Fragment
- Author: Warren Fahy
- Publisher: Delacorte Press
- ISBN: 978-0-553-80753-0

= Fragment (novel) =

2009 novel by Warren Fahy

Fragment (2009) is a science-based thriller by author and screenwriter Warren Fahy. The novel focuses on a crew of young scientists from a reality TV show who must try to survive when their research vessel, the Trident, lands on Henders Island, where predatory creatures have been living and evolving for over half a billion years. Producer Lloyd Levin optioned Fahy's screenplay adaptation of Fragment for a major motion picture. Pandemonium, Fahy's sequel to Fragment, was published in March 2013.

==Plot summary==
In 1791, Captain Ambrose Henders and his crew stop at a tiny island in search of fresh water in the South Pacific. After one man, Henry Frears, is sent to obtain water, Captain Henders is forced to retreat to prevent more loss of life when Frears is eaten by unknown creatures. He writes of the account in his journal.

In the present day, an exploratory research vessel "The Trident" sails across the same stretch of the Pacific filming for a documentary series called "Sea life". When Captain Sol picks up an EPIRB distress beacon, The crew decides to investigate. They set ashore to scope out the shipwrecked "Balboa Bilbo", from which the distress beacon emanated. After arriving at the wreck, the crew are attacked by monstrous creatures. In the ensuing chaos, a camera captures the deaths of nearly all the crew as the rest of the world watches on a live feed. Researcher Nell Duckworth and cameraman Zero barely manage to escape with their lives.

Eight days after the "Sea Life" incident, Nell has been called back to Henders Island, after the live feed caused panic and forced the U.S. military to quarantine the island for study. After several attempts, a few live specimens are captured. During examination, they turn out to be highly specialized arthropods new to science. Various tests are performed, including tests on live plants and animals. Among these, a mongoose is released into the jungle wearing a "critter cam" in an attempt to compare the Henders Island fauna to invasive fauna from different areas of the world. The mongoose does not survive for more than a few minutes, as with the other specimens pitted against the island's creatures.

As a result, it is revealed the animals of Henders Island are able to reproduce continuously, and are stronger and faster than any other creatures on earth due to their copper-based blood, two brains and their super adaptability, as demonstrated during the tests involving rival species that have been imported. Nell and Dr. Livingstone present their report on the Island's formation and evolution to the military and the President of the United States, and reveal a horrifying truth; Henders Island's flora and fauna are so well adapted that if they were to escape, they would cause global collapse. The only reason it hasn't yet occurred is because seawater is toxic to the wildlife on the island.
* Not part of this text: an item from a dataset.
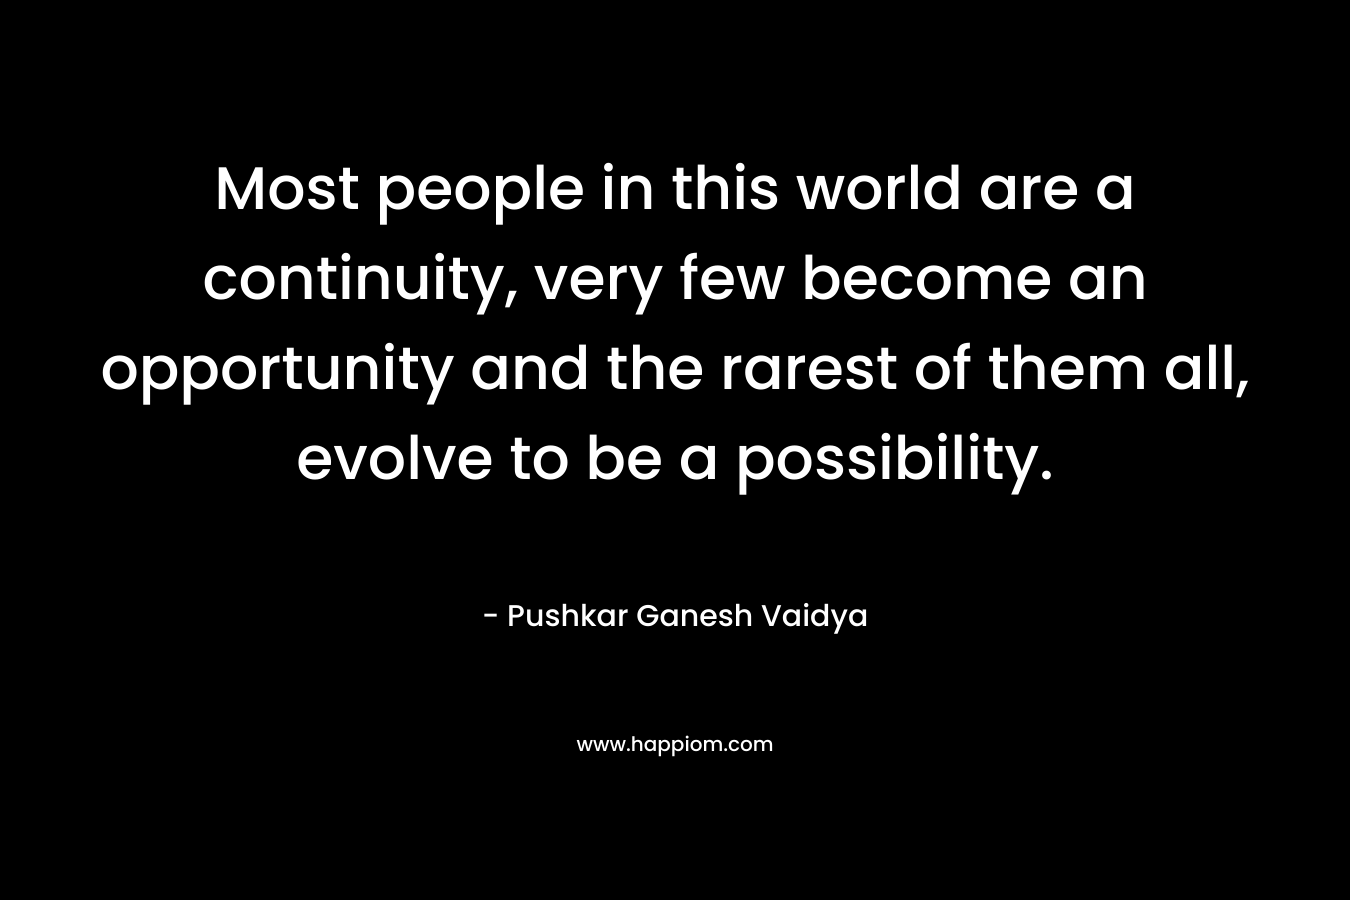 Most people in this world are a continuity, very few become an opportunity and the rarest of them all, evolve to be a possibility. – Pushkar Ganesh Vaidya

The destruction of the island is approved, but before it can occur, Nell and the others must deal with the mysterious entities that have been observing them. These creatures, referred to as Sels, or "Hendropods", are five sentient, highly intelligent creatures that have become biologically immortal due to their ability to turn invisible. It is revealed that they were the ones, specifically the individual known as Hender (their leader), who triggered the SOS on the Balboa Bilbo, as the Hendropods realized the island was sinking due to earthquakes. With Hender's help, Nell and her team manage to escape, bringing the Hendropods along back to "The Trident". However, one scientist, the hypocritical and murderous Thatcher Redmond, tries to release Henders Island creatures aboard the ship, believing intelligent life of any kind is a threat to life on earth. Though he escapes on a raft away from "The Trident", Redmond is eaten by fauna he accidentally unleashes on himself in the raft. The island is also destroyed by a nuclear warhead. After the Hendropods kill the deadly wildlife Thatcher unleashed to protect their human allies, a brief standoff occurs with the US Military and the Hendropods reveal themselves to stop the escalation. In the aftermath, the Hendropods are given sanctuary by humanity, with the two species now having to learn how to share the world together.